Kyle 2012-11-13 01:10

AMD64 on Solaris
 
Hi guys,
Since we found out that Linux isn't using the AMD processors and the shared memory efficiently on the machines I use to make P-1, I consider switching to OpenSolaris 11.1.
Does anyone know, how I could make my P-1 on OpenSolaris?

debrouxl 2012-11-17 10:33

What models of AMD processor, chipset and memory sticks ?

Kyle 2012-11-20 11:01

4x AMD Opteron 6176 (4x 12 cores)
AMD SR5690/SR5670/SP5100 Chipset
4x 8x4 Go DDR3 Registered ECC (Quad Channel) ; in theory this should be either Kingston DDR3-1600 or DDR3-1333

debrouxl 2012-11-23 09:54

That's an interesting system :smile:
Which version of the Linux kernel and which distribution, BTW ? Linux powers ~95% of the world's most-powerful super-computers (and people are not necessarily using no-fee Linux distros on them, so the cost advantage does not necessarily hold), so workloads on which Linux does a bad job are supposed to be relatively infrequent.

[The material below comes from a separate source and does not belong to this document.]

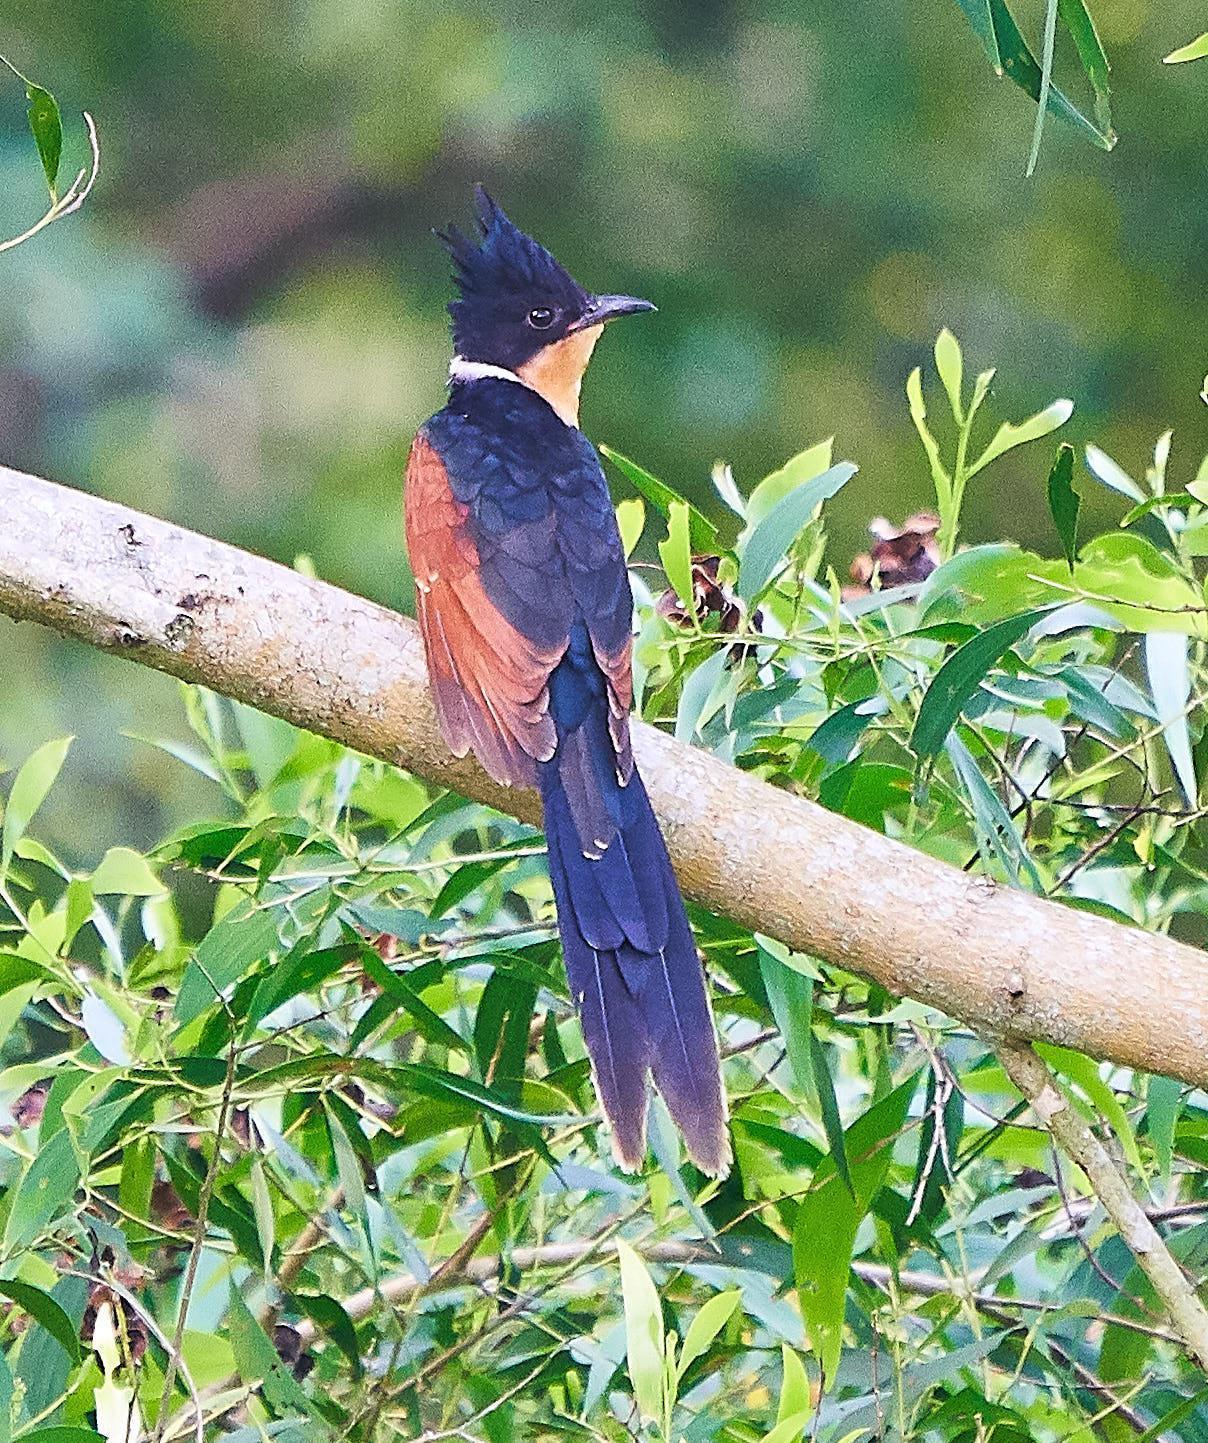 Chestnut-winged Cuckoo Photo by Steven Cheong

Does GMP-ECM build on OpenSolaris ?

Kyle 2012-11-23 11:28

Hey, we are also very suprised that Linux is doing a bad job here (we have a lot a Intel systems working with no problem); but believe me it does.
Kernel version is 2.6.32-131.17.1.el6.x86_64 (SL6.1) but we even tried with 3.2, no changes...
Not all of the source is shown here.